Researchers at Brown have long been interested in the intersection between brain functions and behavior, including understanding the neural basis of memory. Much of this research has focused on the structures composing a medial temporal lobe system that has been found to play a critical role in declarative memory functions in both rodents and primates, including humans. This research utilizes multidisciplinary approaches including neuroanatomical and neuronal recording studies. For example, by removing a brain structure in animal models, researchers are characterizing the ensuing defects in learning or memory, and thereby learn more about the region's functions. Such a study can then be advanced by recording neuronal activity in the intact structure in a behaving animal, to examine this area as animals learn new tasks. Professors Mayank Mehta and Rebecca Burwell study how new environments are learned in the hippocampus—a gateway for transforming sensations and thoughts into long-term memories. An understanding of the neural and cognitive substrates underlying memory and learning can be also be acquired through the investigation of memory and language disorders in humans, as Professors Sheila Blumstein, Katherine Demuth, William Heindel do in their labs. More recently, it has become possible to follow these same processes in humans using fMRI methods. This technique makes it possible to image not only the detailed structure of the living human brain, but to visualize changes in the brain’s blood flow that is a marker for brain activity. Professor Jerome Sanes uses this method to explore brain mechanisms that underlie motor skill learning. MRI, electrophysiological (i.e., EEG) and behavioral methods are also used by Professors Michael Tarr, Sheila Blumstein, and William Heindel to investigate the neural substrates underlying perceptual and semantic memory. The Brain Science Program’s MRI Research Facility has state-of-the-art MRI machines that will be expanding to include even more advanced imaging methods within the University’s new Life Sciences Building. The information gained by these studies should contribute to our understanding human memory and cognition, and may hold implications for persons with various memory disorders.
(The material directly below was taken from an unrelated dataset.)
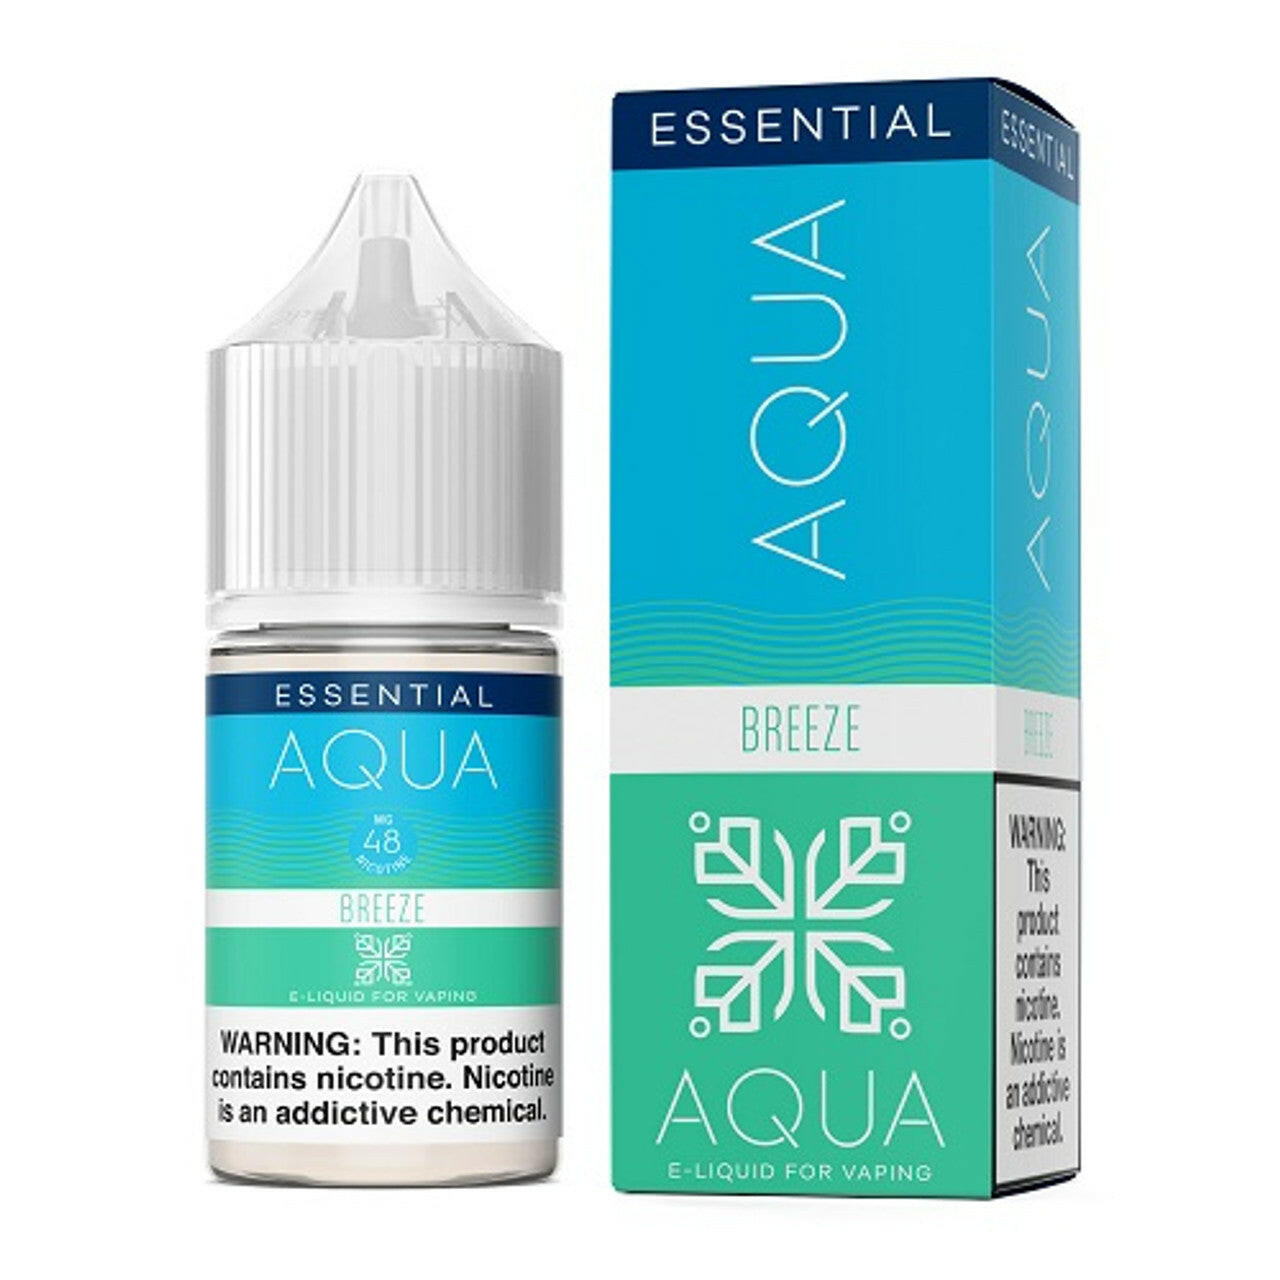 Aqua Essential Nicotine Salt E-Liquid By Marina Vape 30ML Breeze

Computational and Mathematical Models of Memory

One of the distinguishing features of the Brain Sciences Program at Brown University is the unusually close and frequent interaction of brain theorists with bench experimentalists. Although the utility of theoretical arguments is well established in the physical sciences, with a few notable exceptions, the blending of theory and experiment in neuroscience has been challenging. Researchers at Brown have been at the forefront of developing theoretical models that have proved invaluable in elucidating the connections between molecular and cellular events mediating learning and memory. One of these projects, for example, that developed from a collaboration of Nobel Laureate Leon Cooper and Applied Mathematics/Neuroscience Professor Elie Bienenstock has led to a theory of synaptic plasticity (the BCM theory),which applied to a simple model of the visual cortex and the visual environment, explains how experience shapes the development of the visual system and determines its ultimate wiring pattern. The BCM theory has also sparked considerable experimental studies to show how synapses know when to increase or decrease their strength. The theoretical work on learning and memory has served to provide a deeper understanding of the physiology underlying learning and memory. Work in the laboratories of Professors James Anderson and Harel Shouval are examining the theoretical foundations of learning using simulations and models that incorporate artificial intelligence and statistics to develop adaptive machines that can take advantage of observations and examples in order to solve a variety of tasks that are achieved easily by human nervous systems, but poorly by computers.

The combined efforts of theoretical and experimental researchers in the Brain Science Program provide a unique approach to both understanding the nature of human learning and memory and the biological mechanisms that allow us to learn and remember.